Lopinavir is a PI that requires boosting and is available only in the form of Kaletra. The co-formulation is both its advantage and disadvantage: Taking combined lopinavir and ritonavir prevents you from taking one without the other, but it also means you’re stuck taking four pills and 200 mg of ritonavir a day, twice what you’d take with better-tolerated Prezista (darunavir) or Reyataz (atazanavir). Kaletra causes more gastrointestinal and lipid effects than those two drugs, which is why its use has been gradually falling off.
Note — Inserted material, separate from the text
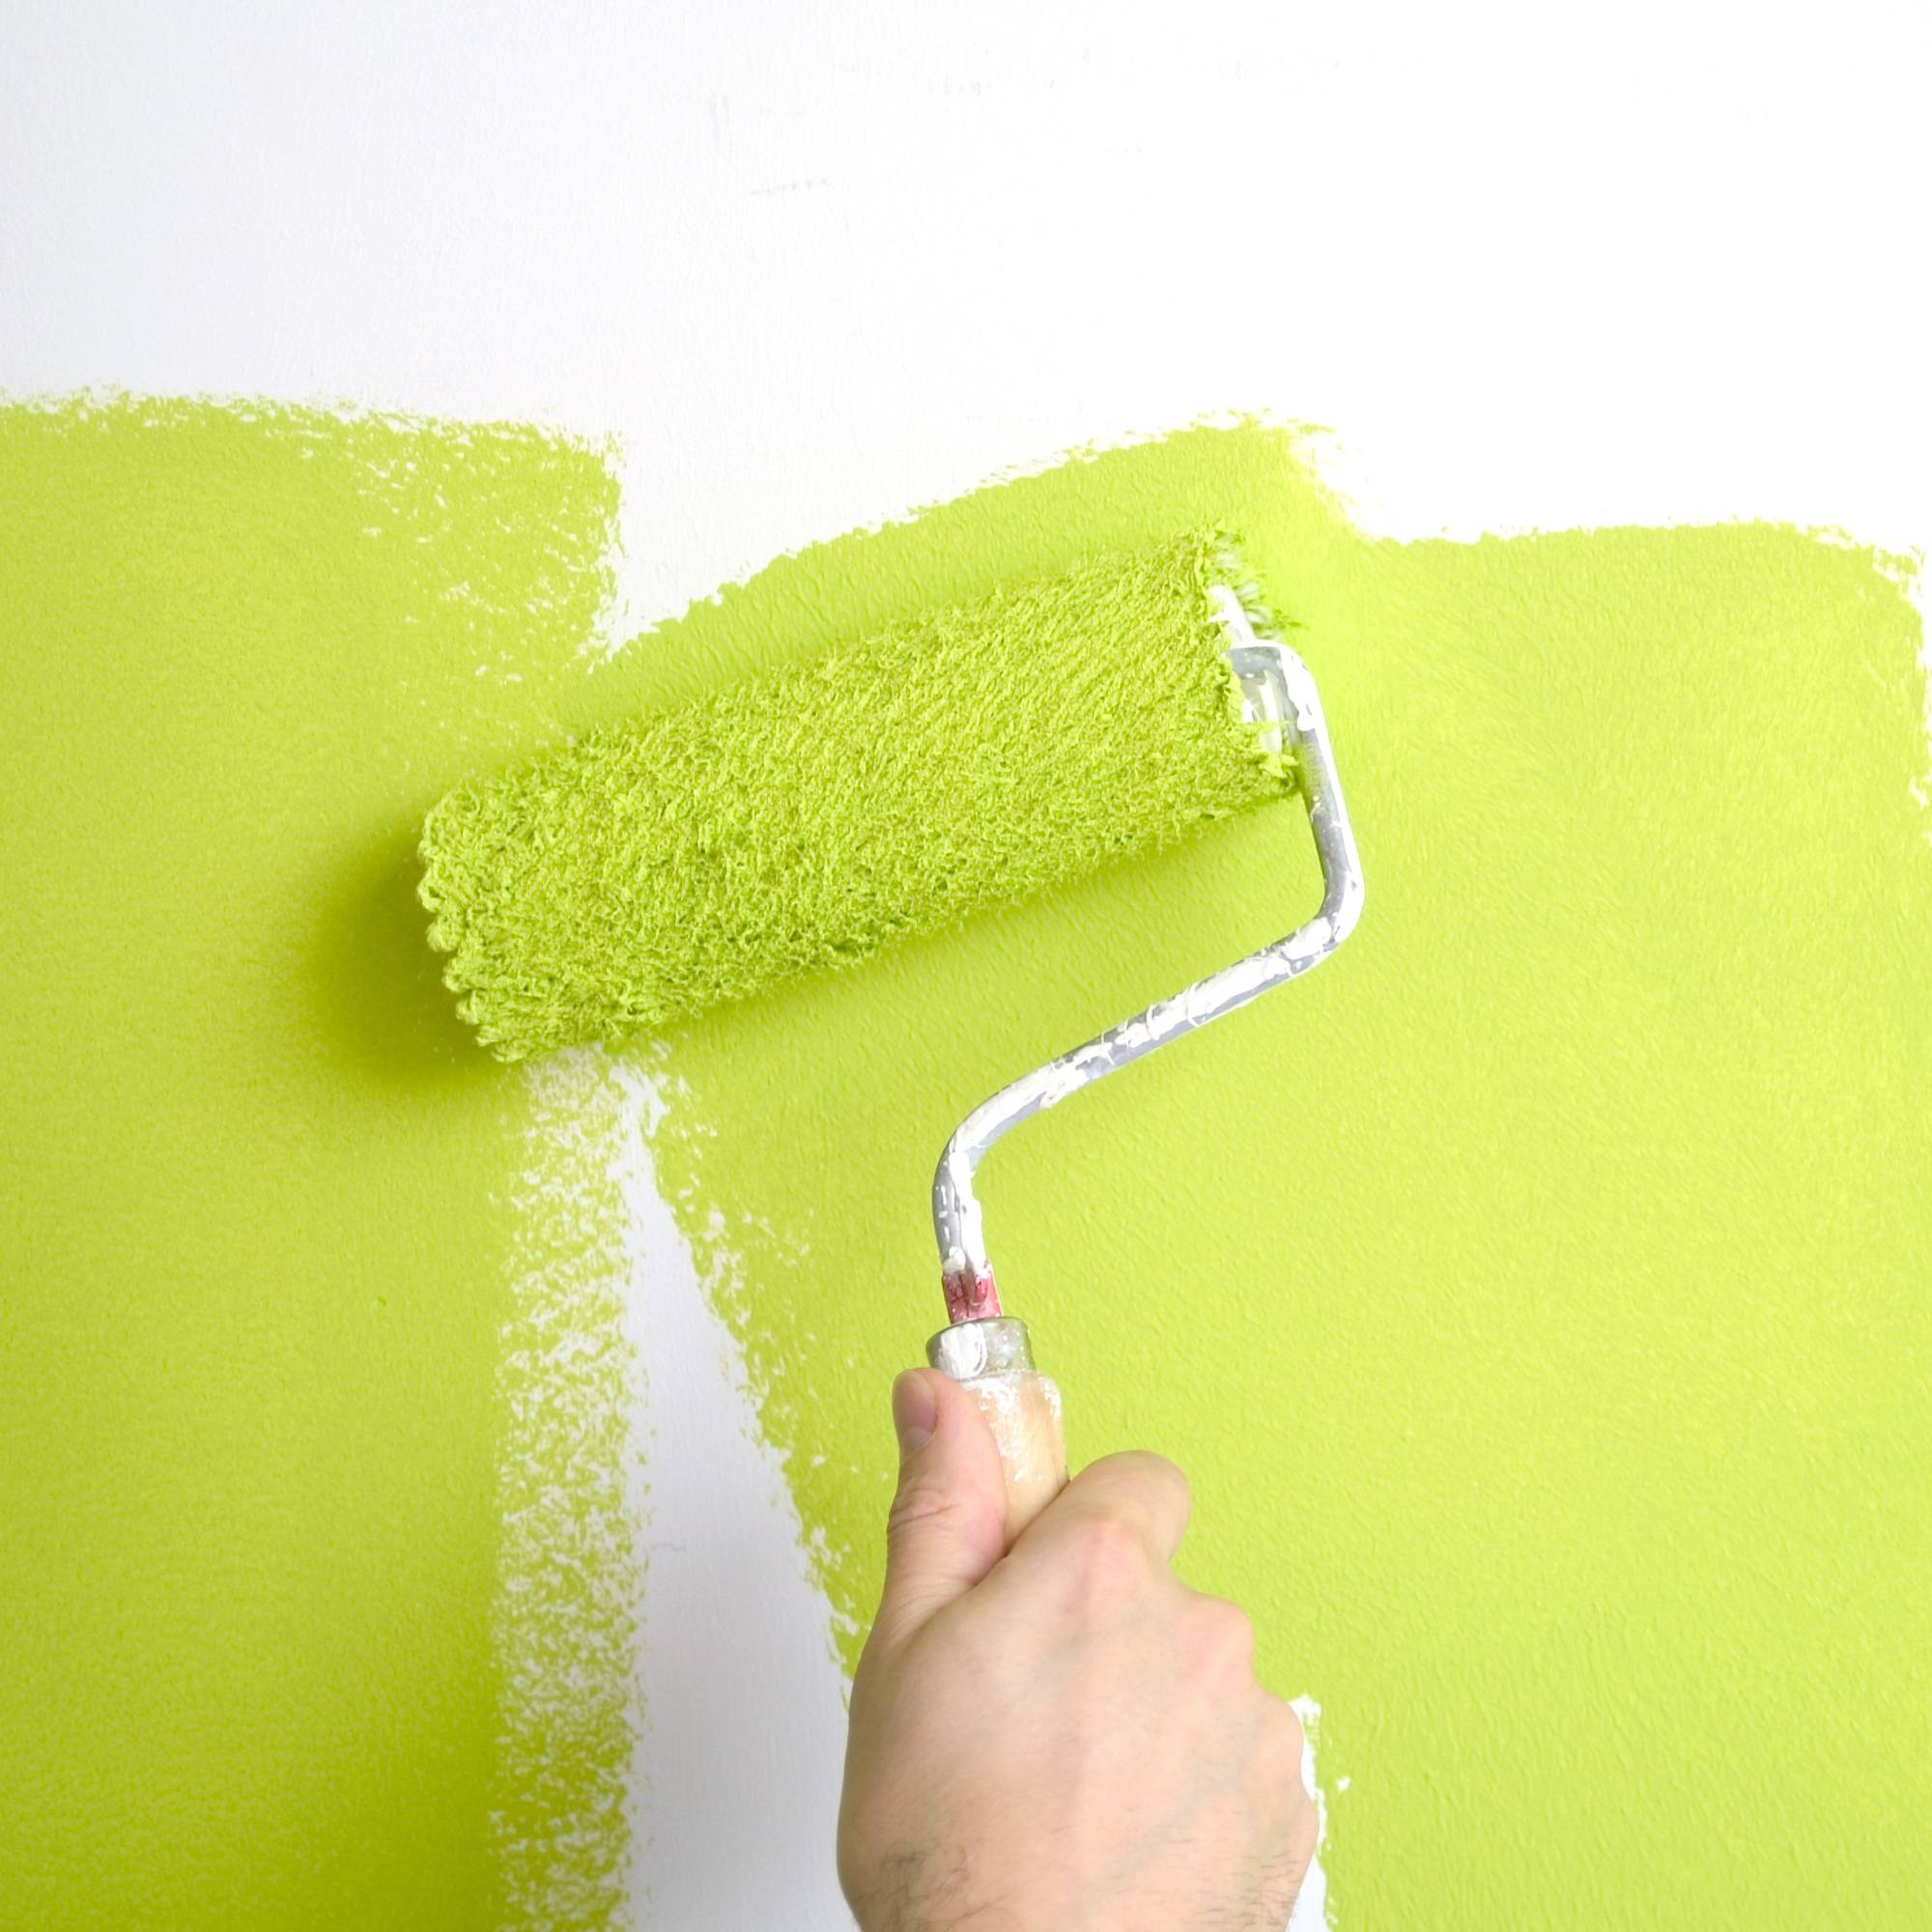 Краска для обоев: как красить под покраску на стене самостоятельно, можно ли покрасить на флизелиновой основе своими руками, какая лучше

In addition, its co-formulation advantage won’t be unique much longer, since we’re expecting darunavir/cobicistat and atazanavir/cobicistat combination pills soon.
—JOEL GALLANT, MD, MPH

Activist’s comments

This was the first boosted and co-formulated PI combination. Kaletra was another game changer as it formalized boosting in a simplified regimen (although the original formulation has changed) for PIs at a time when many were trying to get away from PI-based regimens. Although Kaletra causes lipid abnormalities and a number of GI side effects, it reigned over the PI market for quite a while. Today Kaletra is used less frequently, although many have been on Kaletra for more than a decade and continue to use it successfully. It is still listed as a preferred PI for use in pregnancy.